Good sleep hygiene is essential for a good night rest. Sleep hygiene means adopting good habits and routine at night to promote sleep and deep rest. At the end of the day, a period of calm posture and slow deep breathing will signal to your body that it is time to relax at night, which will help you fall asleep more easily. In order to achieve the best results, allow yourself to directly transition from yoga mat to bed.
3. Improves circulation.
Slow deep stretching and conscious breathing before going to bed can improve blood circulation, lower blood pressure, help prevent blood clots and balance your energy level. Healthy circulation can also strengthen the immune system, detoxify the body and promote cell regeneration. Good circulation of Plana, blood and body fluids will have a positive impact on your overall health, thus improving your sleep.
4. Encourages weight loss.
As we know, exercising every day helps to lose weight and maintain a healthy body shape. Strengthening yoga posture will promote your metabolism and encourage you to burn more calories while sleeping. A healthy weight can reduce heartburn and digestive problems, improve heart health and help you sleep better. If you are using more active exercises to lose weight, you’d better end up with longer Shavasana posture and meditation to encourage relaxation before going to bed.

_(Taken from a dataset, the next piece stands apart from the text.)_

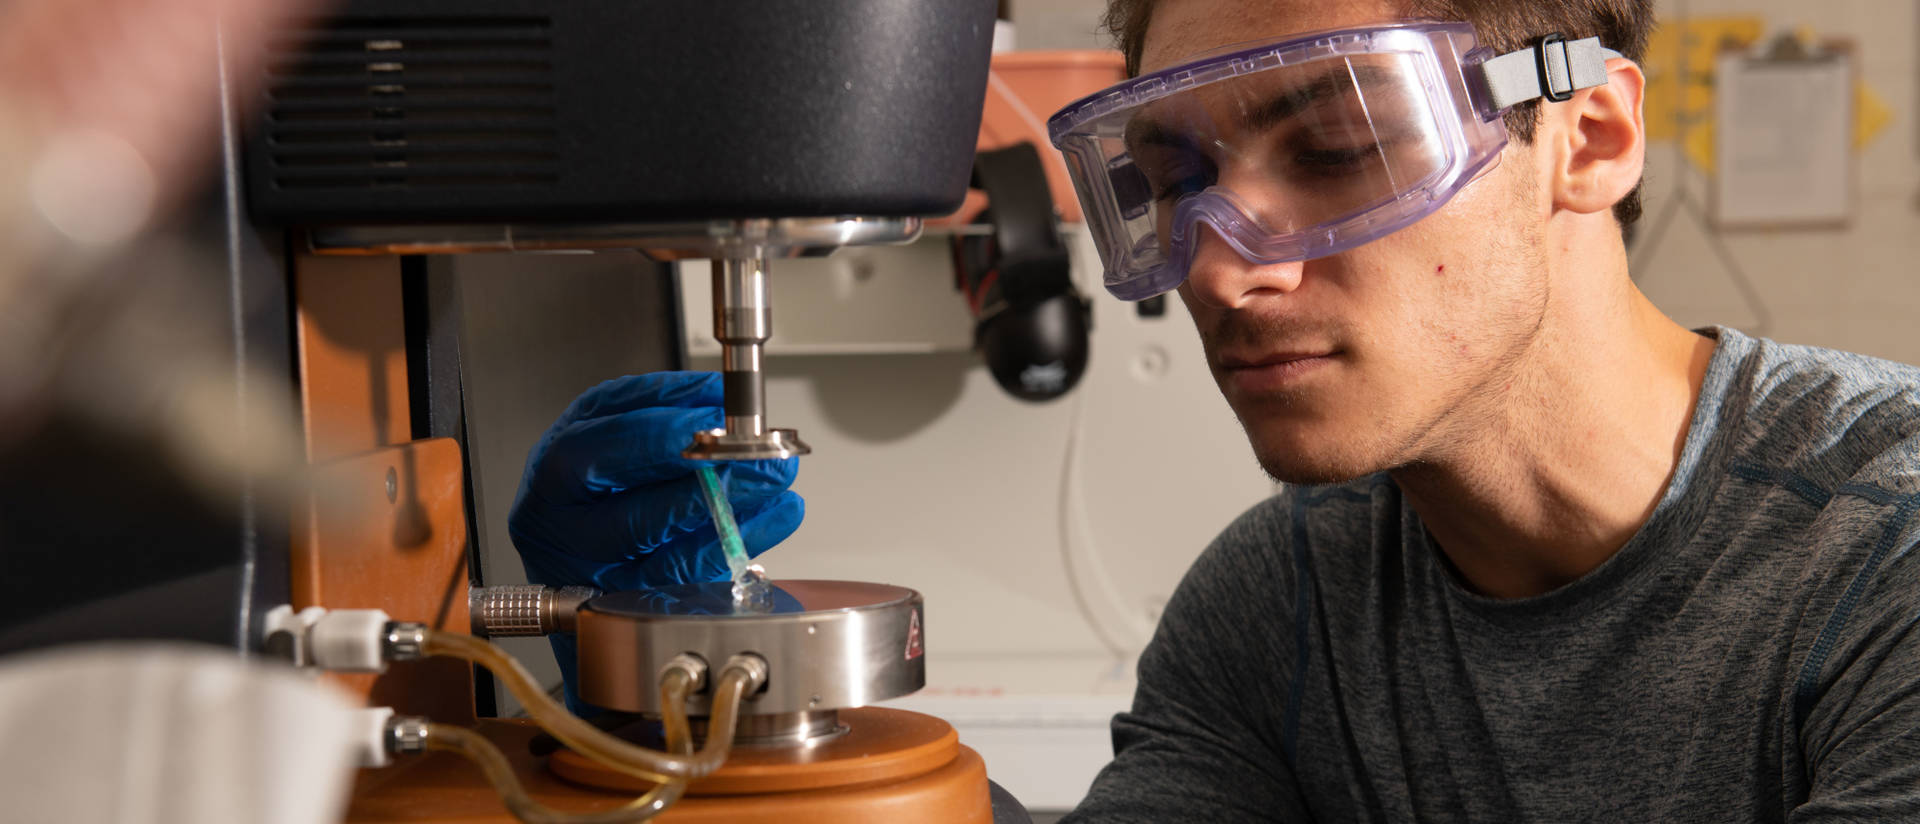 Materials science student working in a lab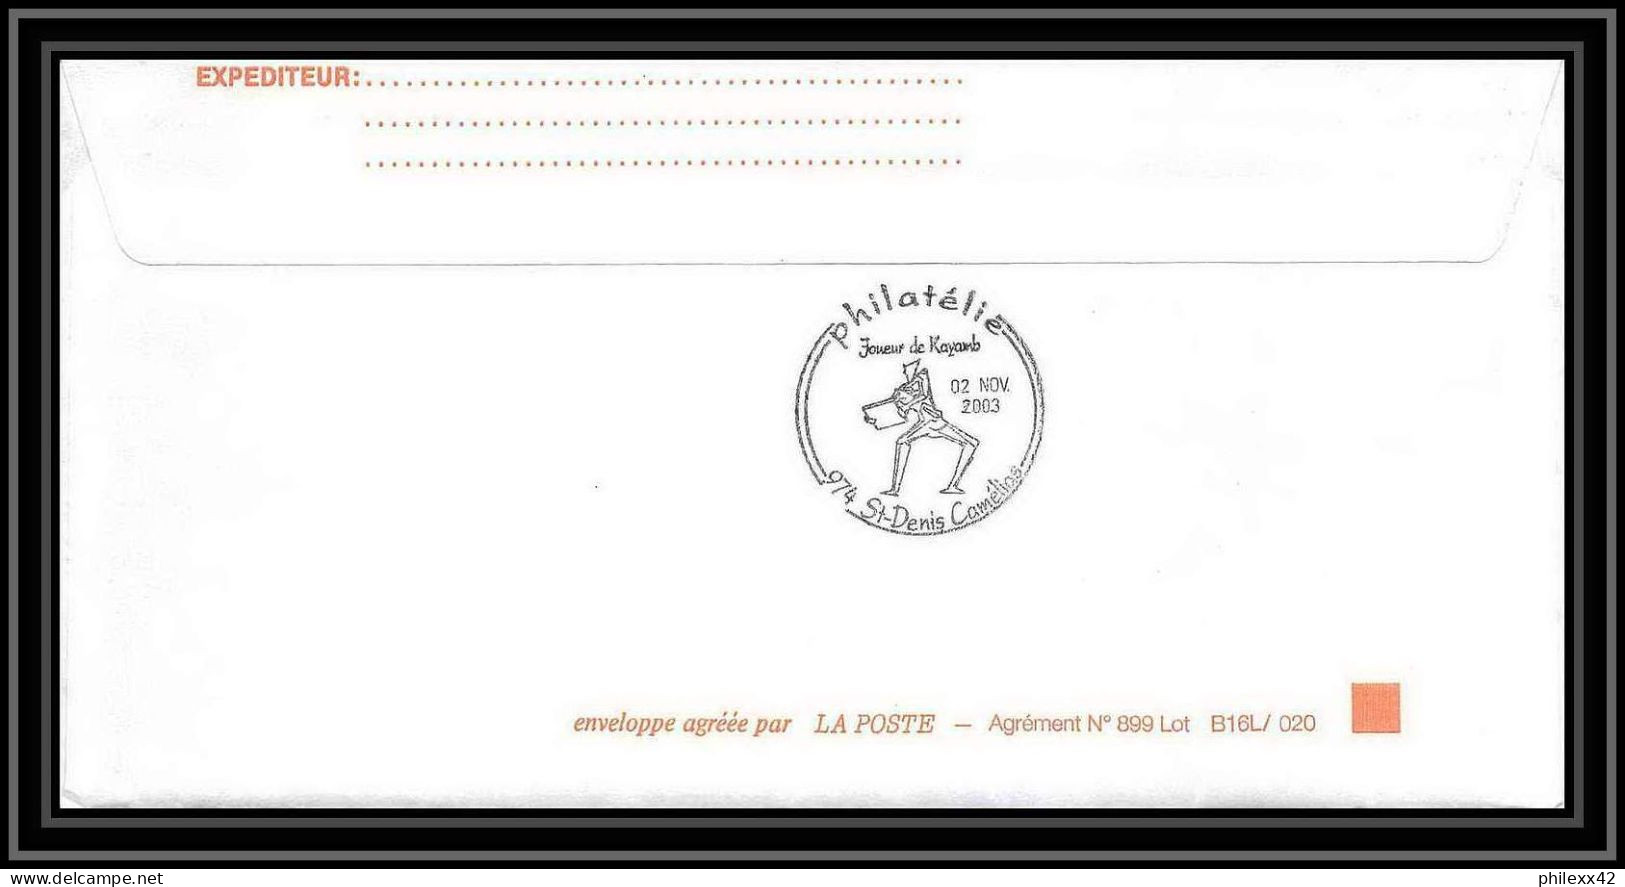 2416 Dufresne 2 Signé Signed Op 2003/3 N°363 12/11/2003 ANTARCTIC Terres Australes (taaf) Lettre Cover - Lettres & Documents

5. soothes sore muscles and joint pain
Slow deep stretching before bedtime can relieve muscle tension, joint pain and night pain. Many people feel pain after a hard day’s work, especially those who often work with their feet or sit at their desks. If your body feels pain and discomfort, it is difficult to fall asleep. Gentle yoga posture is one of the best ways to relieve pain and tension, which can make you sleep well. If you wake up from physical pain, you can even practice one or two postures in bed to help you relieve your discomfort.
6. Reduces insomnia.
Because it emphasizes relaxation and mindfulness, it is easy to see how a routine yoga program will help you build a quiet habit, so that you can sleep regularly and keep sleeping. Deep and quiet sleep, with good circulation and good sleep habits, will improve your health and your overall quality of life. Yoga lifestyle and regular meditation further help to reduce insomnia and improve sleep.
Best Poses Before Bed
Just like there are certain yoga poses that work best to bring your energy up in the morning, there are some that are naturally designed to relax your body and mind, which makes them perfect for yoga before bed. Relaxing postures, such as forward bends, restorative poses, and poses that help you breathe deeply, are best.
Besides increasing your chances of getting the recommended eight hours of sleep, the yoga poses below will help you fall asleep faster, sleep deeper, and wake up feeling more rested than ever before.
- Seated Forward Bend
- Child’s pose
- Supine Bound Angle
- Legs-Up-The-Wall pose
- Supine Spinal Twist
- Corpse pose
As these poses are the most effective asanas to promote calm and deep sleep, they should be held for several minutes with slow deep breathing. Practicing additional poses from our Yoga Poses for Insomnia list is recommended. You can practice other active asanas, just be mindful of minimizing any energizing poses and placing these at the beginning of your sequence.
Playing some soft music and using calming essential oils will further encourage you to relax. Take time to meditate before or after your evening practice, to further promote restful sleep, and peace of mind throughout the night. A regular yoga practice is the best way to reap all of these great benefits of yoga and improve your quality of sleep.
Nighttime yoga drawbacks
There aren’t many concerns for practicing yoga before bed as long as you practice safely and mindfully. If certain yoga poses stimulate your mind or body too much and disturb your sleep quality, then minimize or avoid these asanas altogether, or practice yoga earlier in the evening. Adding additional time for meditation and calming breathing techniques should be helpful to balance out any stimulating effects of your evening yoga practice.
Conclusion
The breathing, stretches, and relaxation yoga at night offers have many wonderful benefits—most importantly, yoga helps you reduce stress and wind down after a long busy day. A few minutes of yoga is one of the best things to help your body and mind prepare for a good night’s rest.